**Your goal**
Of the lines in the material below, print only those from the one containing "Immigrants from Lithuania" to the one containing "Sites of bacterial colonization", ends included, exactly as written and without pictures.

**Supplied data**
* * *

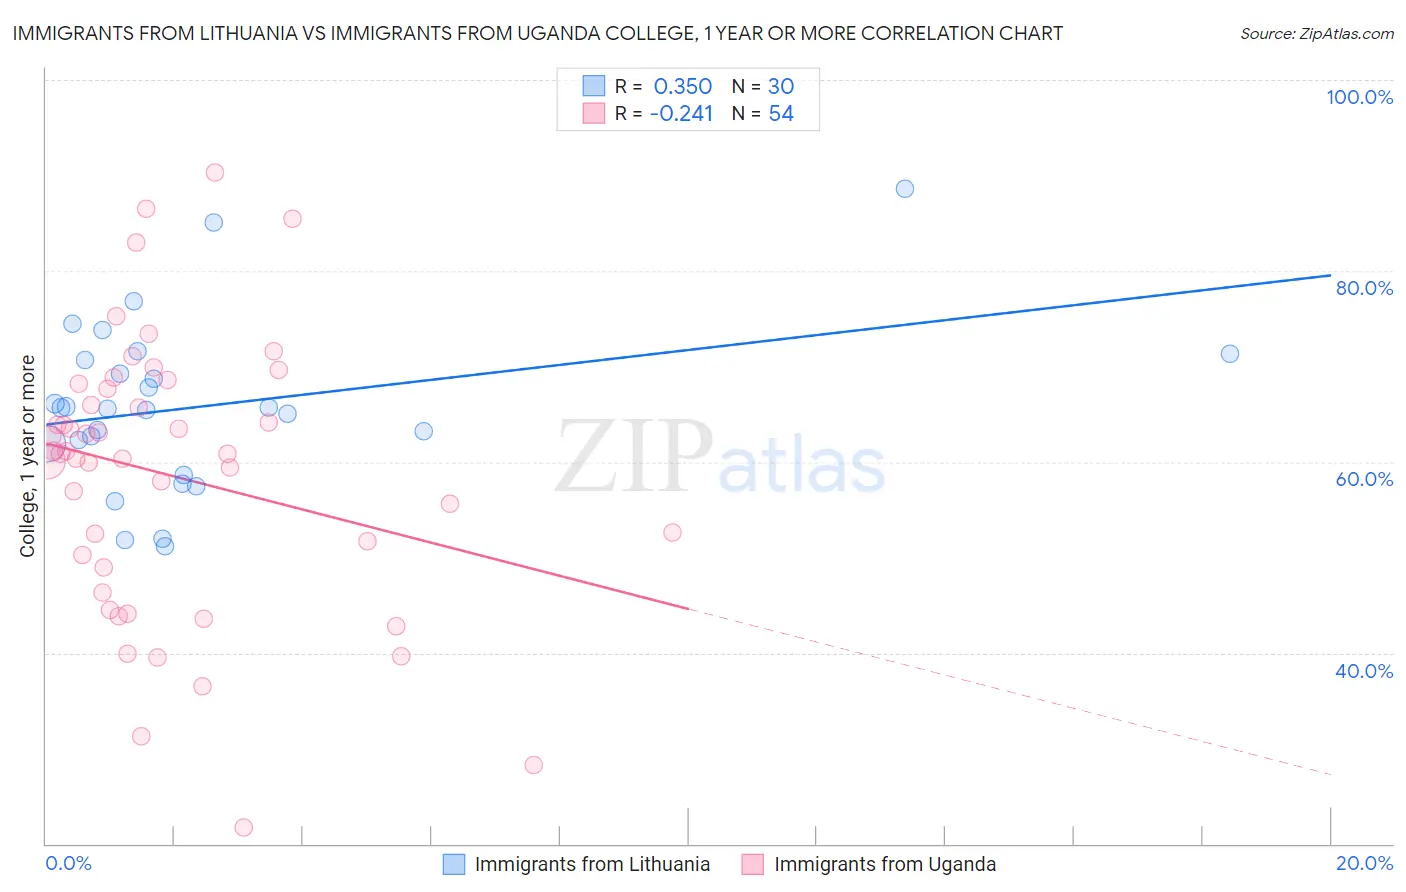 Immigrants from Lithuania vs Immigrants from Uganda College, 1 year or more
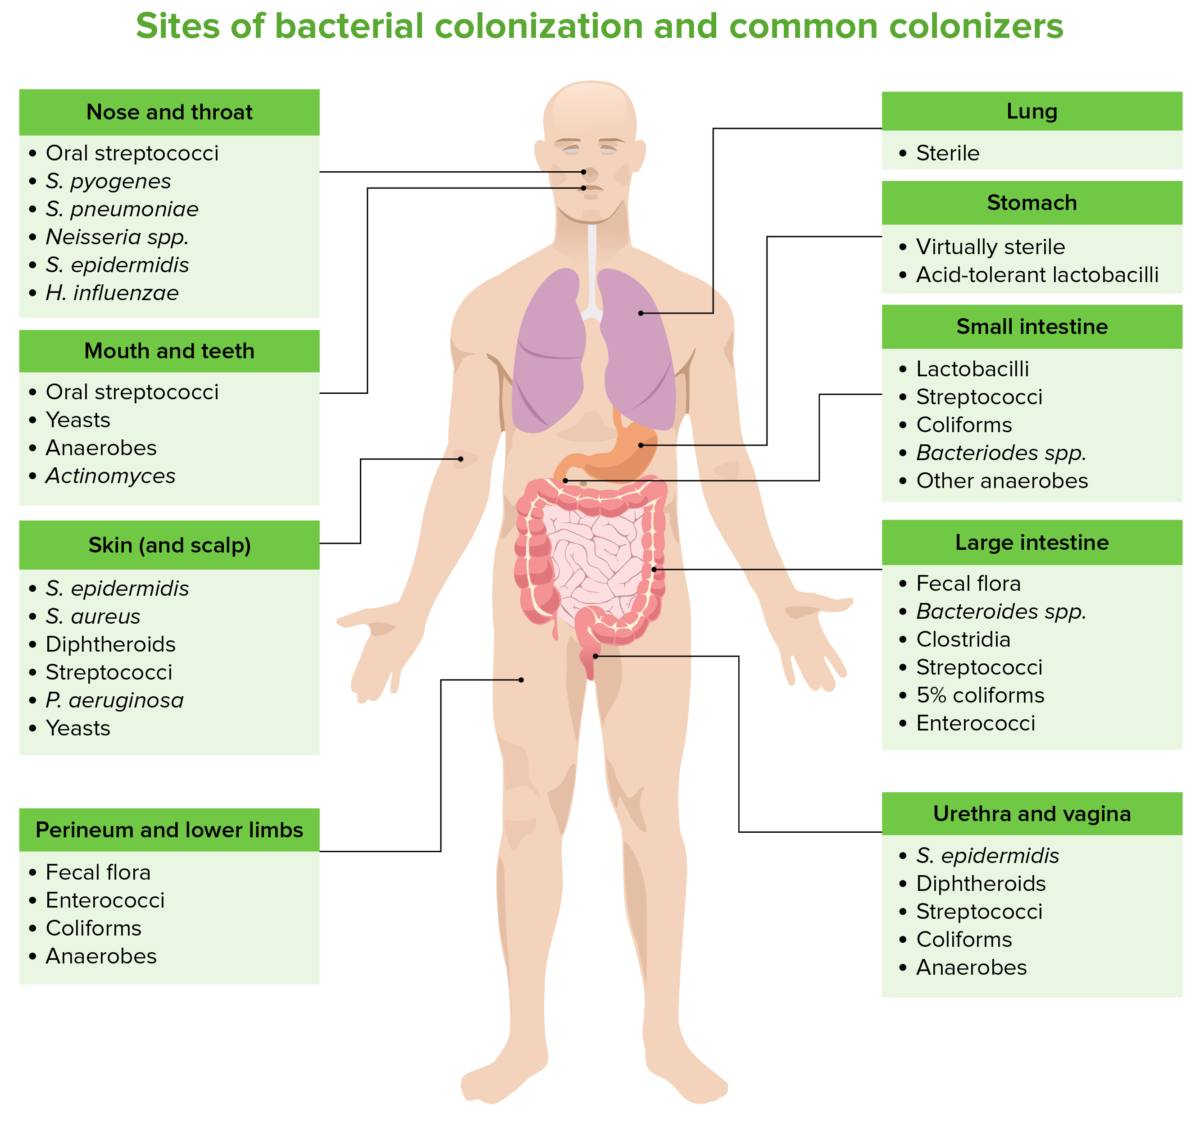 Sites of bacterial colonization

* * *

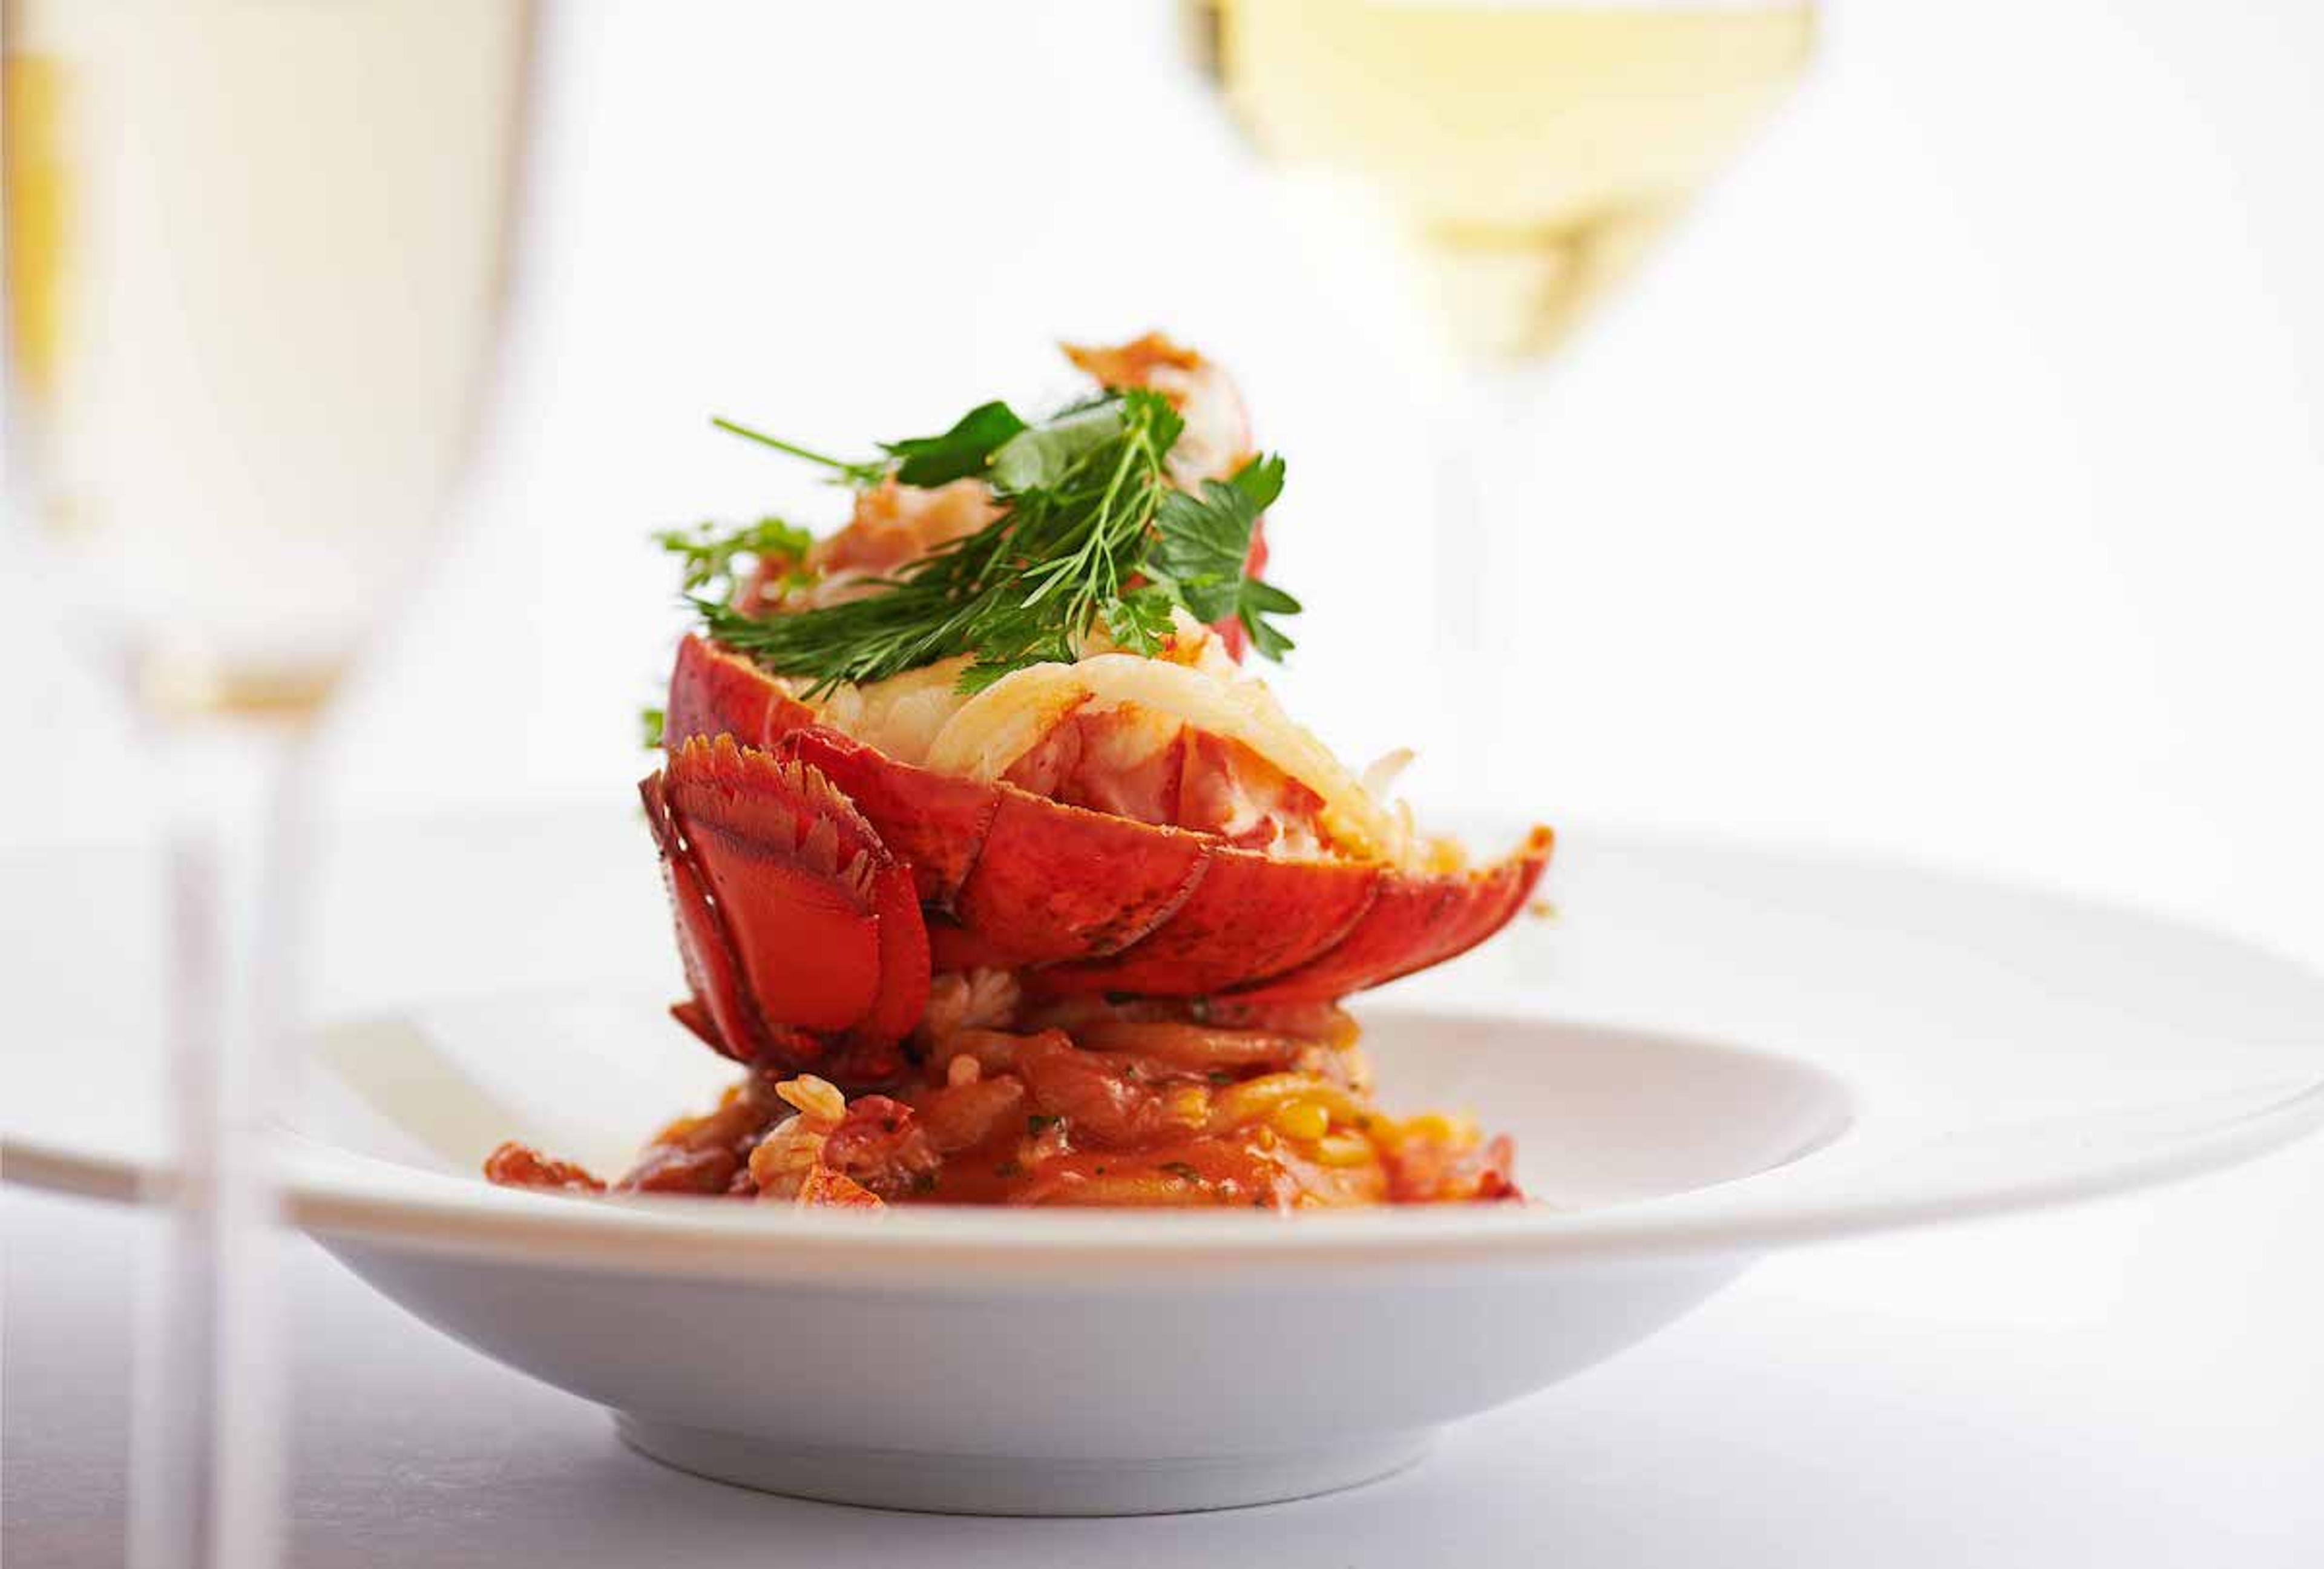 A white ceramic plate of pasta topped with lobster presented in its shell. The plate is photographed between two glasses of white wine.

* * *

**Reply**
 Immigrants from Lithuania vs Immigrants from Uganda College, 1 year or more
 Sites of bacterial colonization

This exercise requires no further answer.